After he pointed out what is often focused on in the opening verses of John – that the Son of God, the Logos or Word of God, was eternal (in the beginning was the Word), that he was distinct from the Father (and the Word was with God), and that he was divine in nature (and the Word was God) – he pointed out something that I had always glossed over.

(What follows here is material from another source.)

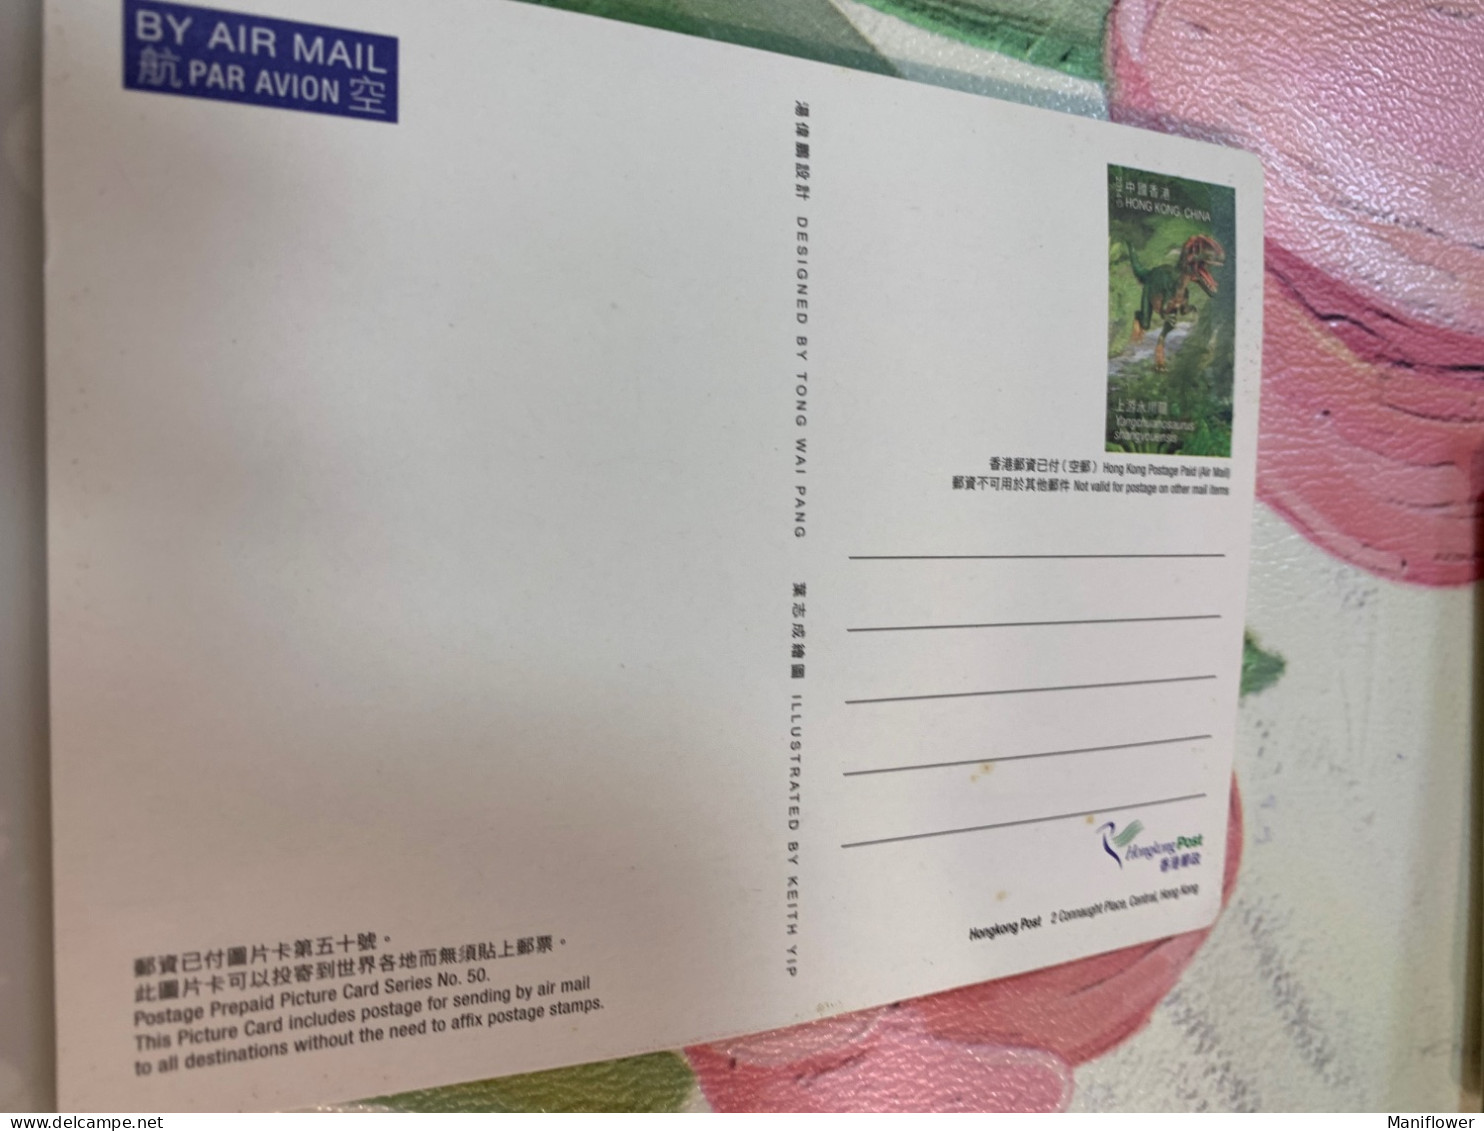 Hong Kong Stamp Dinosaur 3D Hologram 2014 - Covers & Documents
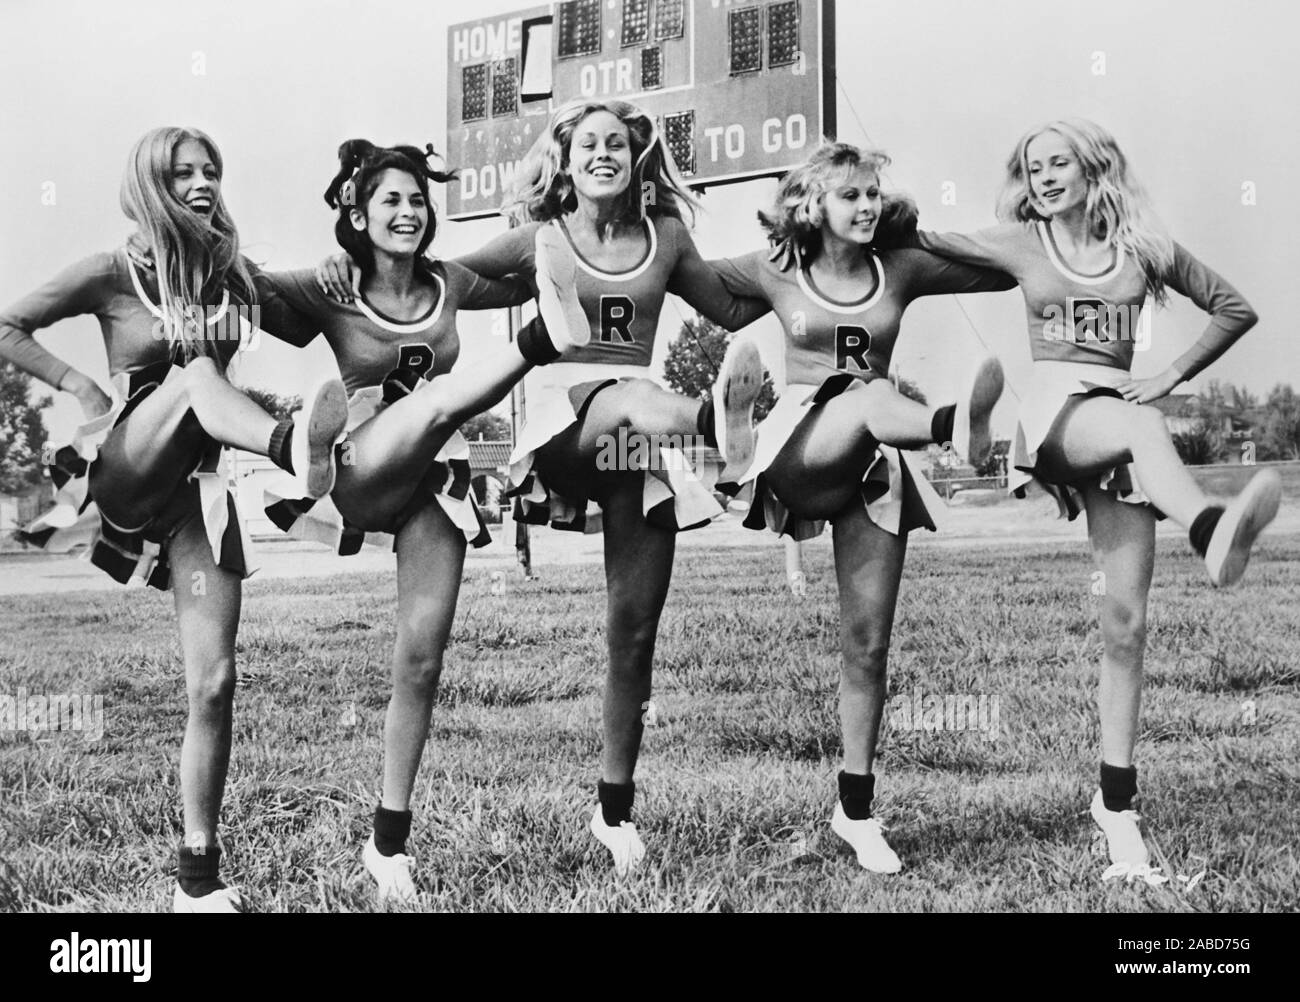 THE POM POM GIRLS, from left: Susan Player, Jennifer Ashley, Lisa Reeves, Diane  Lee Hart, Cheryl Smith, 1976 Stock Photo - Alamy

Verse 2 of John 1 reads “He was in the beginning with God.” I always took that as a repetition of the declarations that had just been made – repeated for the sake of emphasis. But Ironside noted that this really highlights the continuity of nature and character of the Word. John is about to tell us of God's saving work in Jesus so that all who read or hear of it might believe and find eternal life. And verse two reminds us that this One who came in great humility, taking on our frail human nature, born a mere babe, growing up to minister to the most marginalized of society, and then dying an agonizing death on a Roman cross, is the same one who was in the beginning with God when together they created the heavens and the earth and filled them with light and life.
In other words, Jesus came to effect a New Creation – a work of God as remarkable, glorious, and majestic as when he filled the vast reaches of the universe with untold billions of stars, calling them each by name.
A friend of mine recently noted in a sermon that it took the Voyager 2 spacecraft 12 years to reach Neptune. When it started to transmit images by radio waves, it took five hours for those images to reach earth. Radio waves travel at the speed of light – 186,000 miles per second. So, you get a feel for the size of just our solar system (60x60x5x186,000 miles+, and that's just from Earth to Neptune). And our solar system is one of perhaps tens of billions of solar systems in the Milky Way galaxy, which in turn is one galaxy among two trillion galaxies in the observable universe.
And in a seeming throw-away line John tells us that what God is doing in Christ is more glorious and remarkable than the creation of the universe. It is the same Word that was in the beginning with God and through whom God made all things that took on flesh and dwelt among us to save us and make us truly his own.
No word seems a suitable response to that. Best to bow in worship.